One day, a friend who was not normally trying to kill me, was talking up how I was so good at riding my unicycle that I could easily go up or down the most feared hill in Petaluma; Fairview Terrace. For those of you not nearby, Fairview Terrace is so steep that it really was not safe for cars, trucks, bikes, pedestrians, and most fixed-wing aircraft. Trying to pull into a level driveway from the steep angle of the street could easily high-center a car and leave you stranded because AAA would not go up Fairview Terrace to rescue anyone dumb enough to try to drive, let along park up there. But – my friend was sure I could conquer the slope. “Humm,” I thought. “If I just take it very slowly . . .”
Starting from the top, so I at least had gravity in my favor, I mounted my unicycle with some friends around to vouch for my rising to the challenge; I approached the edge, and carefully – ever so slowly tried to go over and, “Whoa!” The unicycle disappeared from beneath me, leaving me to crunch into the pavement and roll a good 9 feet with my unicycle sliding somewhere behind me, chewing up yet another seat. Great- just great!
Gravity was clearly not my friend in this case. By the time my friends caught up with me, laughing and begging me to do it again, I was mostly back on my feet and inspecting my latest addition to the collection of shredded jeans my mom was always griping about and picking the loose asphalt out of my bleeding knees.
“Maybe going uphill would work better…” I was already pretty banged up, so how much worse could it get? You already know that I should have called it a day, but instead, I mounted it again and turned to face the cliff, this time from the bottom looking up.
Any kid who ever had to bike up steep hills knows how to flatten them out by hitting them at an angle – which really should have worked, but only resulted in the unicycle trying to gain altitude faster than I could – slamming the seat up into my abdomen and knocking the wind out me and laying me out on the asphalt again.
It was here that I learned how sarcastic a girl could be with questions like, “what’s the matter Gary? Something hurt…?” I really needed to get some new groupies or stay away from Fairview Terrace,
My next big adventure was in show-biz. My family was part of The Danish Brotherhood who love to get together to drink and teach kids the maypole dance. They were holding a huge convention and leadership asked me to be in the talent show – not as talent of course, but as the guy who rode out with the sign boards to announce the next act. How hard could that be?
Well, the first difficulty was my costume. Do you recall those awful late 60s white bell bottoms, muted-color crape shirts and bright colored neckerchiefs? Well I do – with disdain! So we are all clear on an important point, unicycles do not like white bell bottoms. Even without a chain, there was too much fabric down around the peddles – unless you liked the grease rag look around your pants cuffs.

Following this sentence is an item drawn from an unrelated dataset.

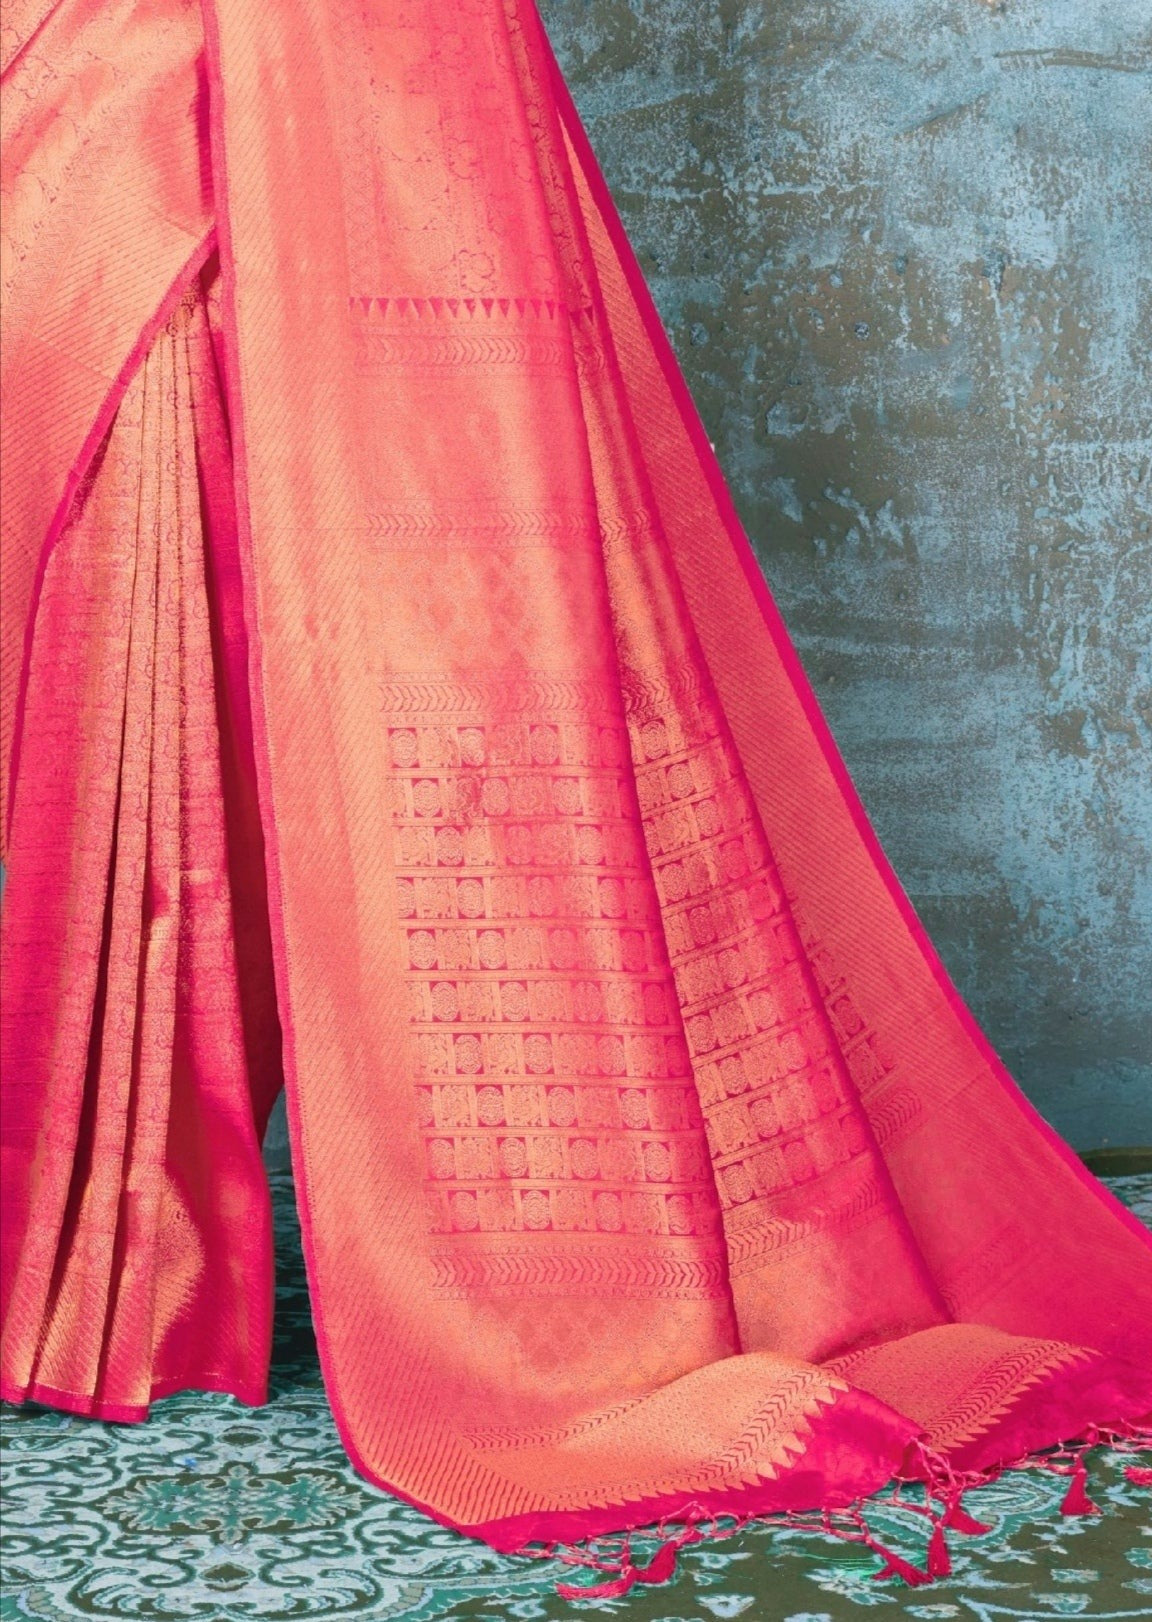 Royal Look Raspberry Pink Kanjivaram Silk Saree

The night of the show, there was a really cute gal from catering who was quite taken with the unicycle boy and devoted herself to keeping my wine glass full and flirting with me at every opportunity. I chose to investigate this potential relationship and made sure she always had a reason to top off my glass. Who knew where this might lead. . .
It was working really well until I glanced at the clock and realized that I was on in 10 minutes.
I turned to make my way to the stage doors and noted that my legs resisted following my head. “Nuts! I’m drunk. How long does it take for wine to wear off? ” Well, it didn’t wear off in 10 or even 60 minutes but I discovered new depths of enjoyment with my unicycle and the audience seemed to enjoy the extra spinning and whooping coming from the stage. I was eventually forgiven for carrying one sign across upside down and getting caught up in the curtain ropes once. Hey, it’s not like they were paying me for this and surely that little gal from catering bears some responsibility! Where is she anyway?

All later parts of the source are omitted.